Top of INFORMATION SHOWN
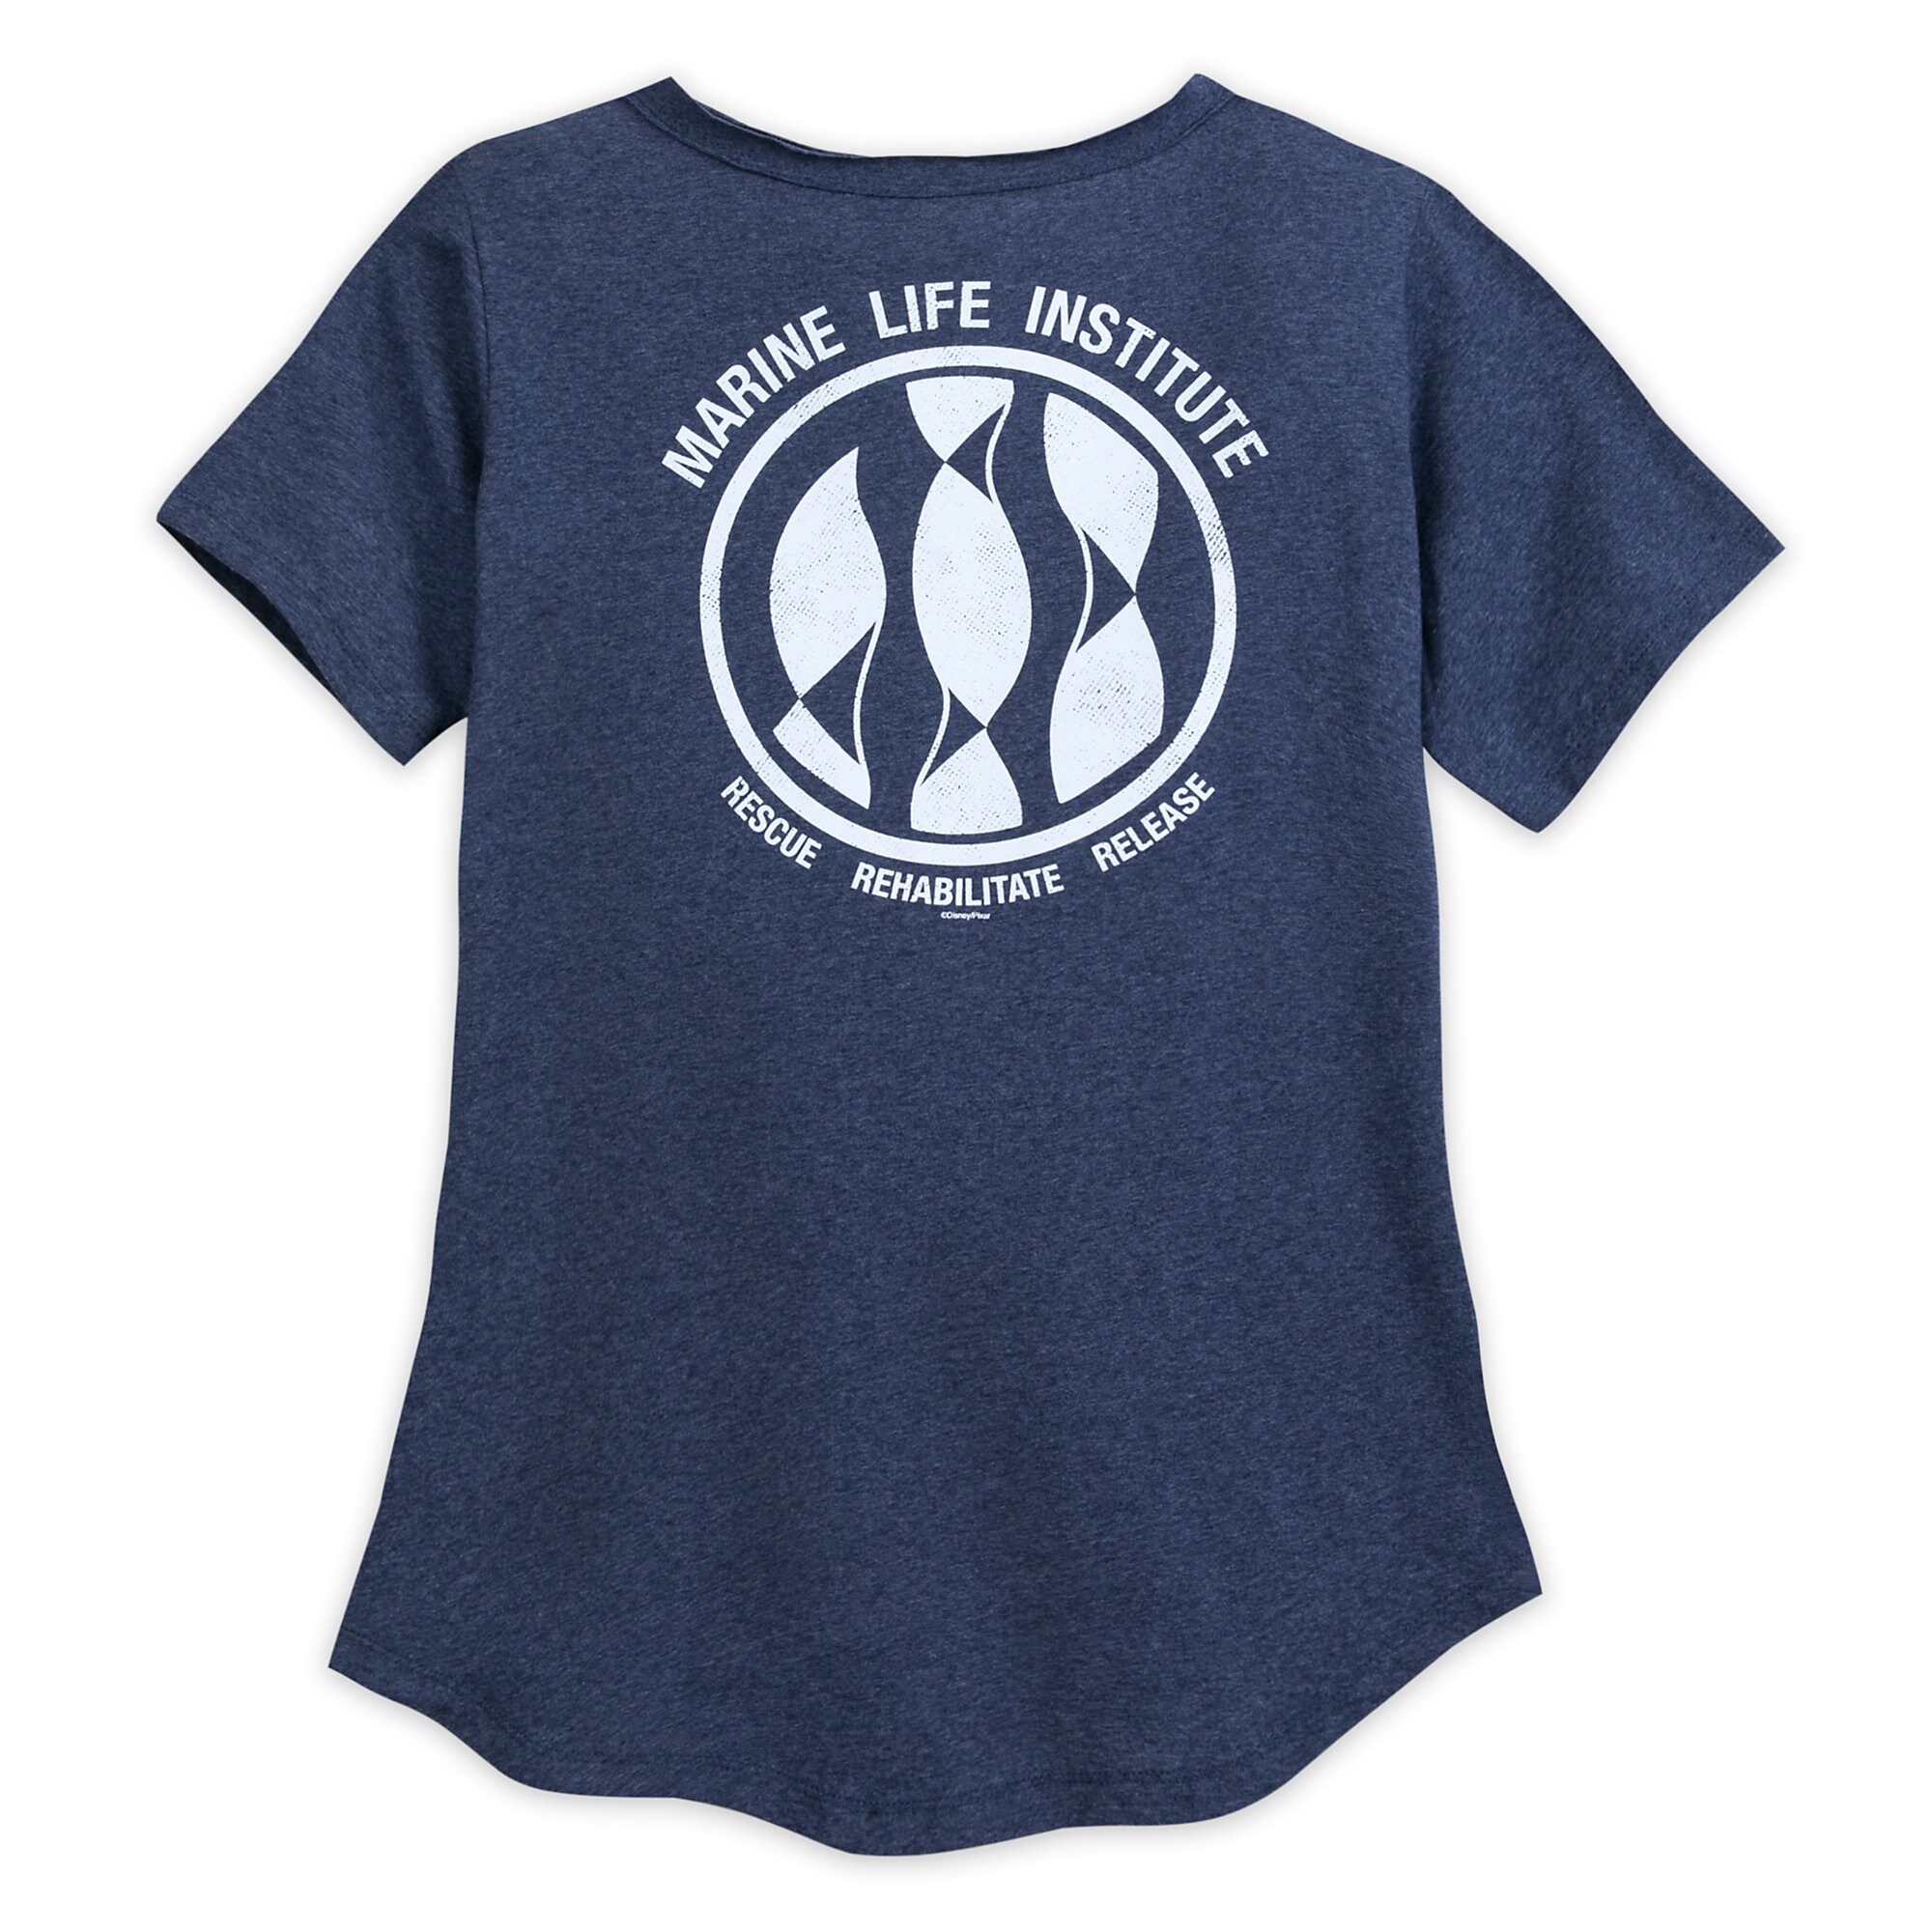 Marine Life Institute T-Shirt for Women - Finding Dory
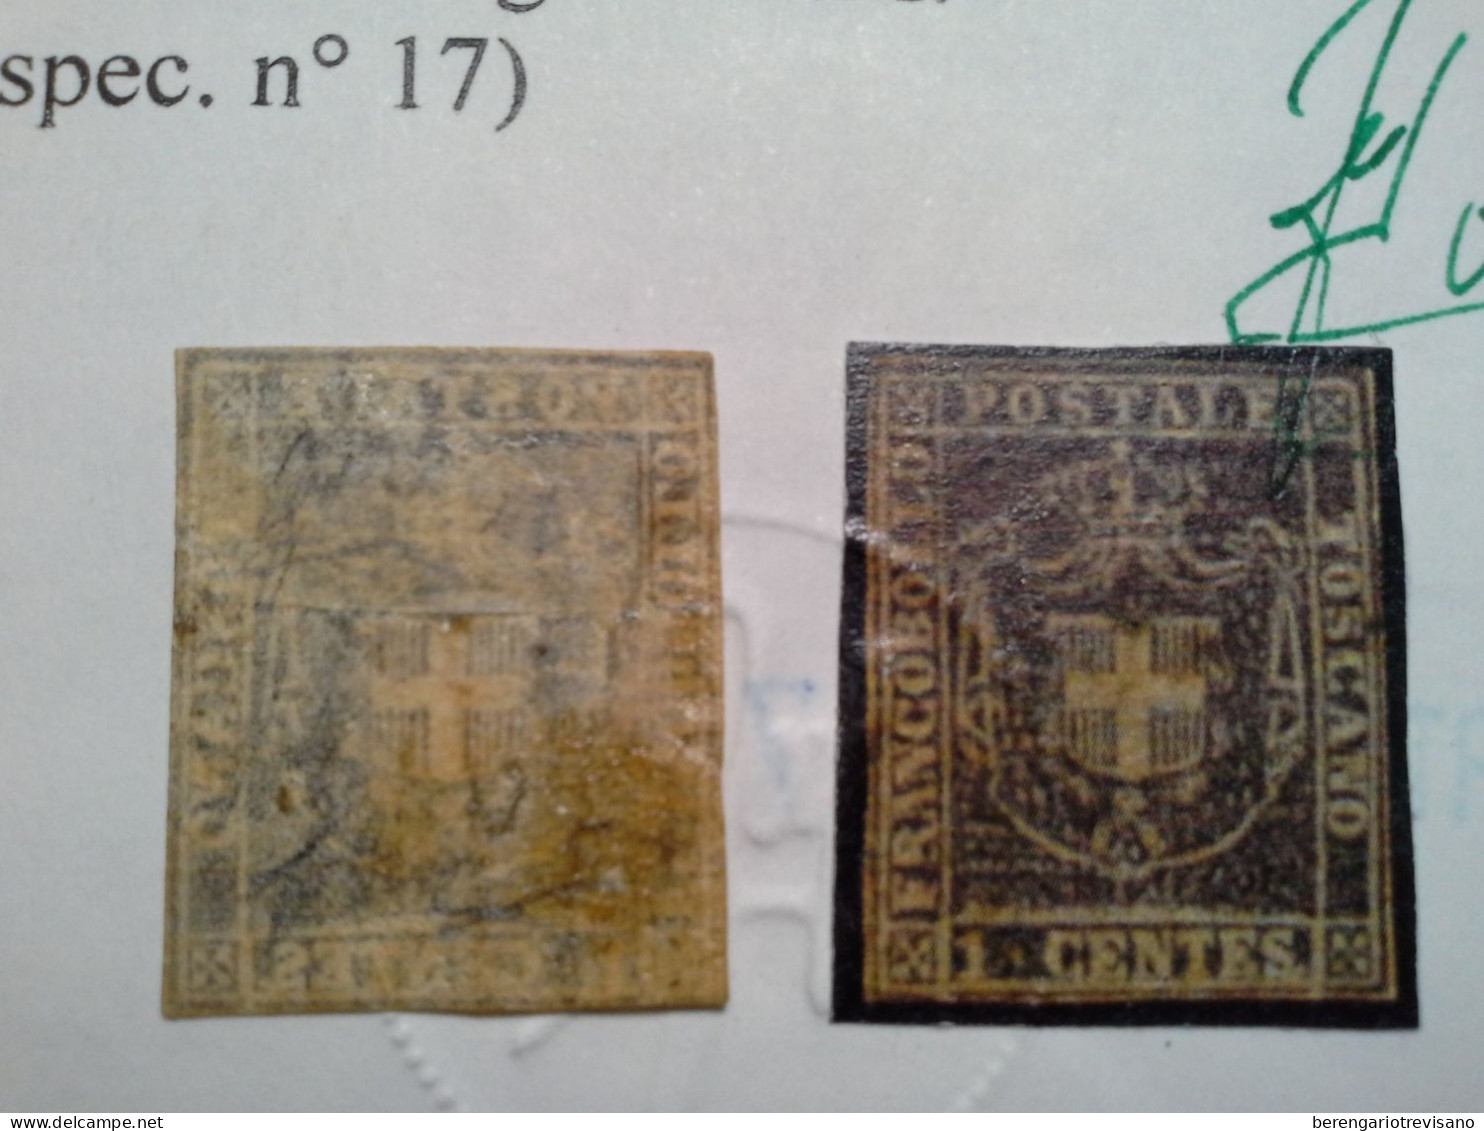 Regno D'Italia 1860 - Toscana 1 Cent. Marrone Violaceo Raro - 2 Certificati - Toscane
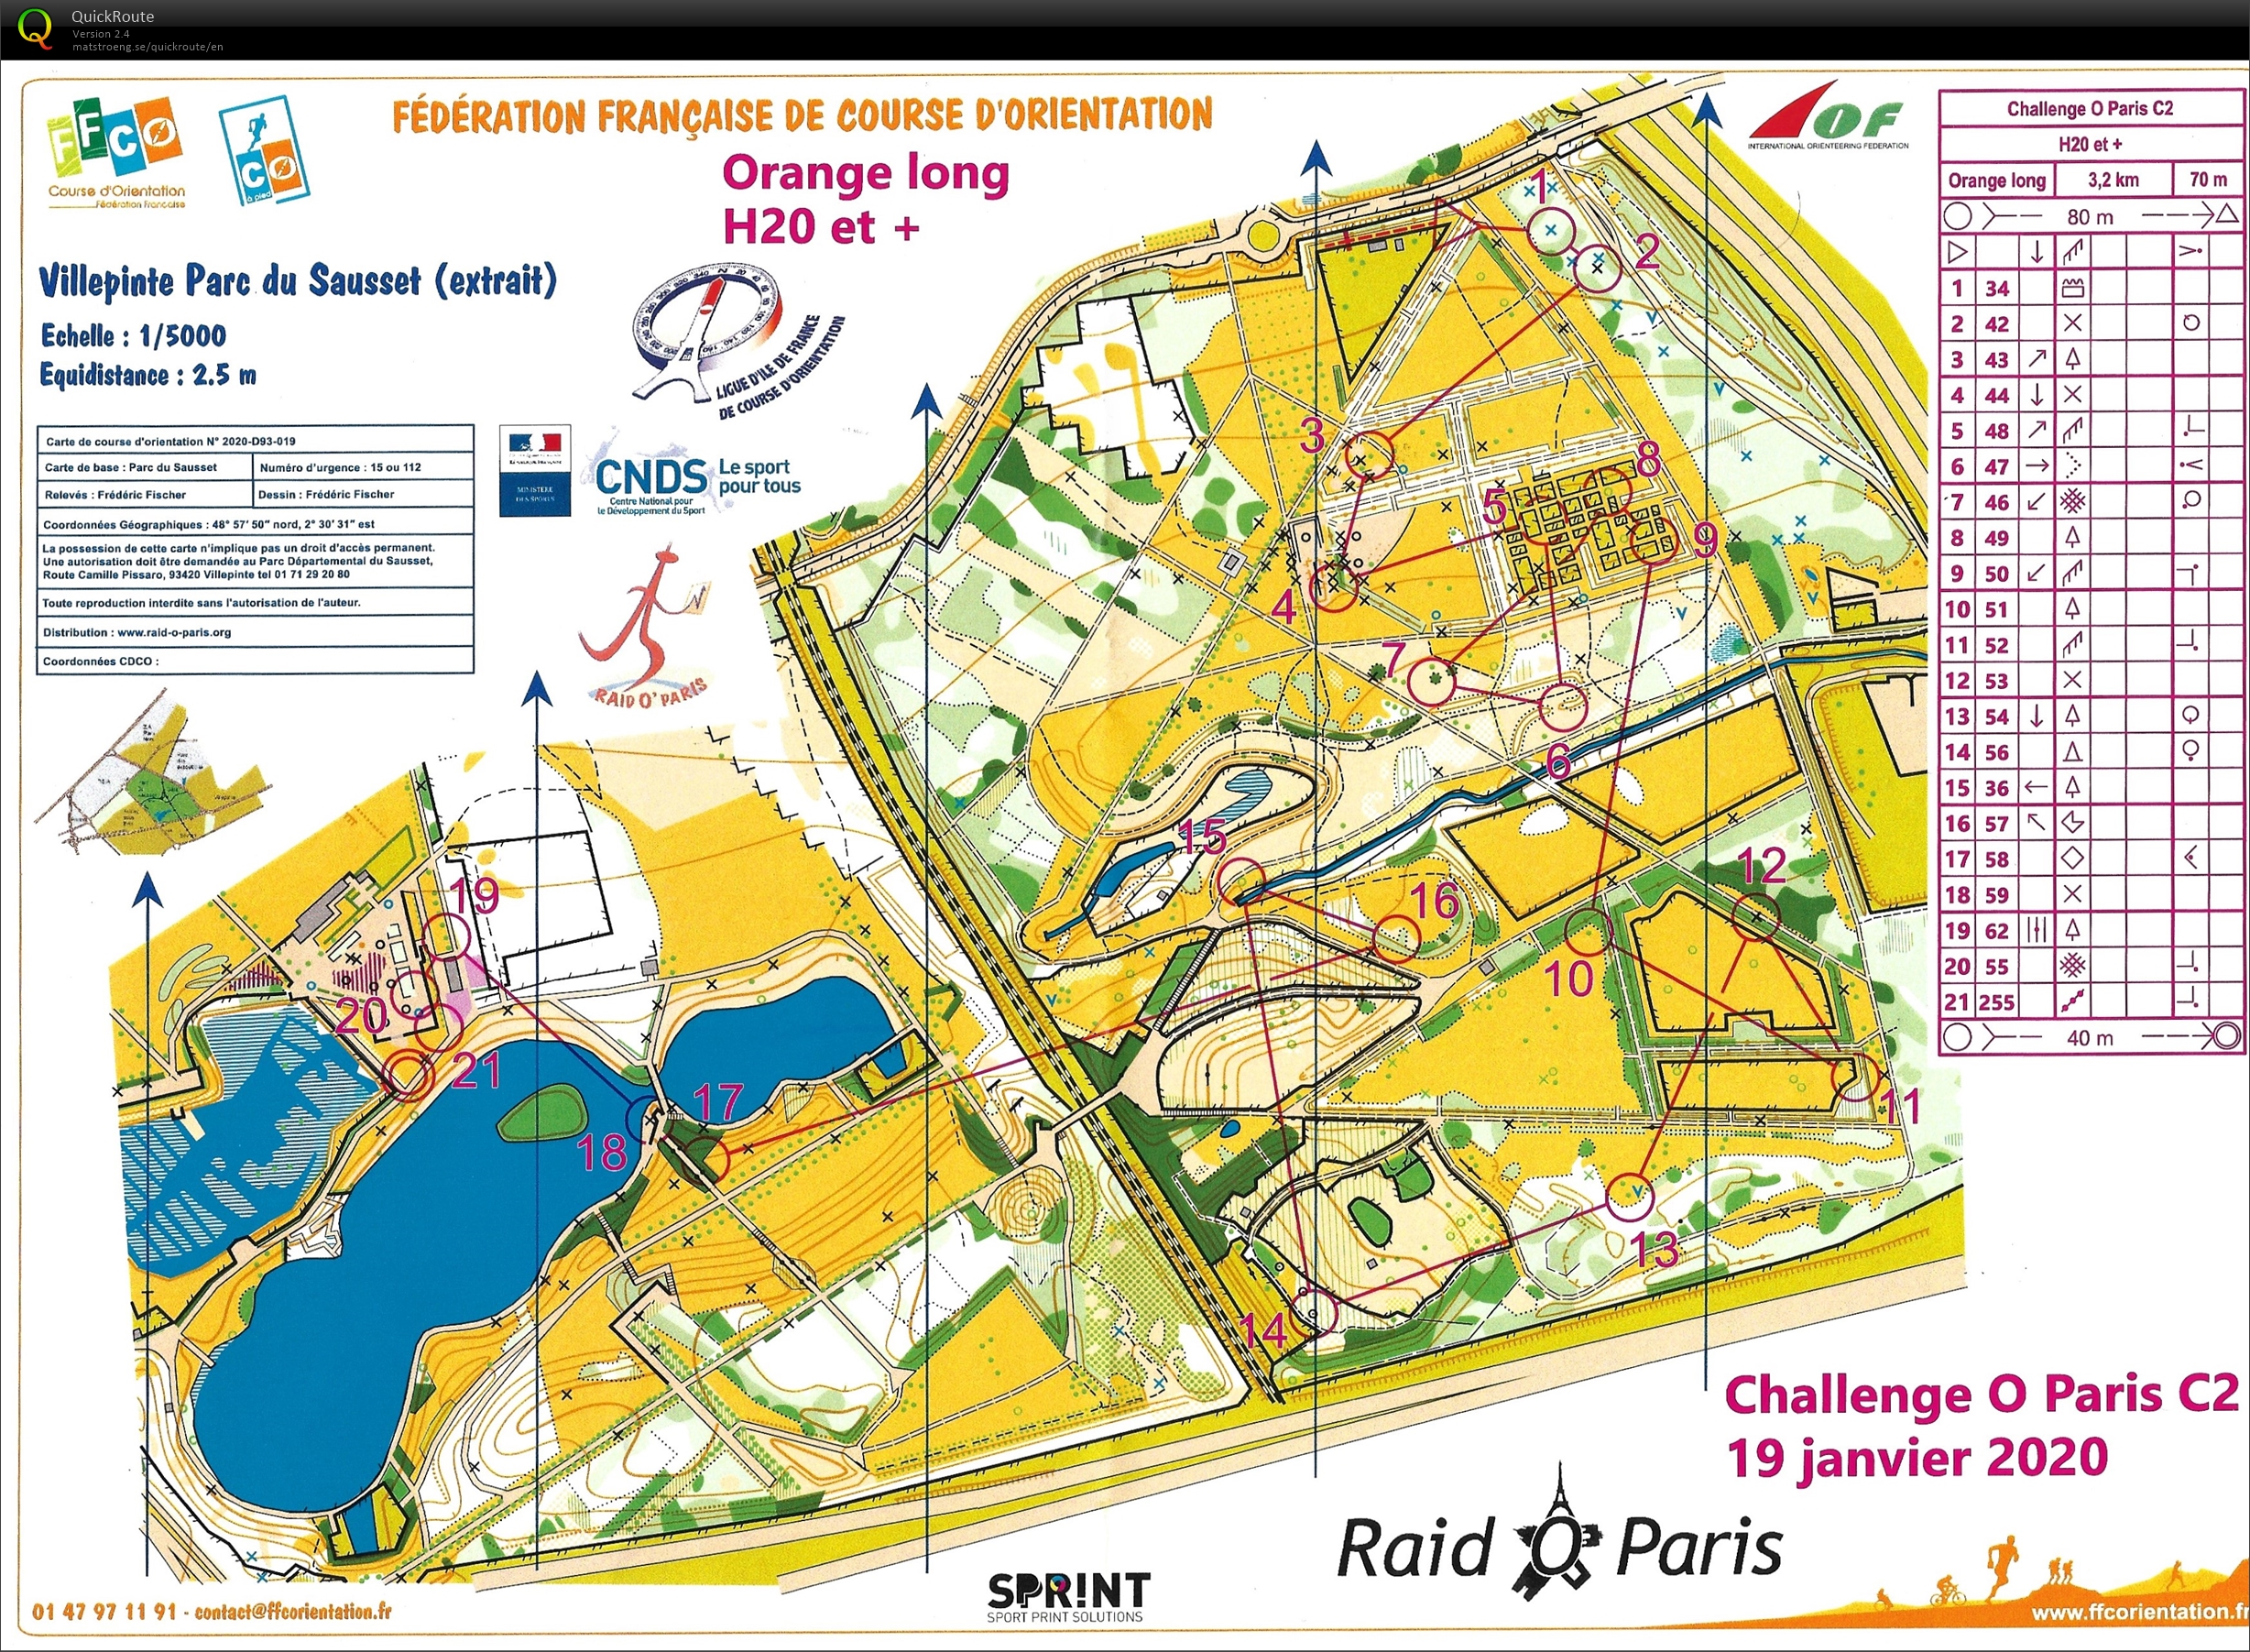 Challenge O Paris C2 Sprint (19-01-2020)
Bottom of INFORMATION SHOWN
-- TASK TO COMPLETE --
Exact repetition of the material above is required, with the images removed.

-- TASK RESULT --
 Marine Life Institute T-Shirt for Women - Finding Dory
 Regno D'Italia 1860 - Toscana 1 Cent. Marrone Violaceo Raro - 2 Certificati - Toscane
 Challenge O Paris C2 Sprint (19-01-2020)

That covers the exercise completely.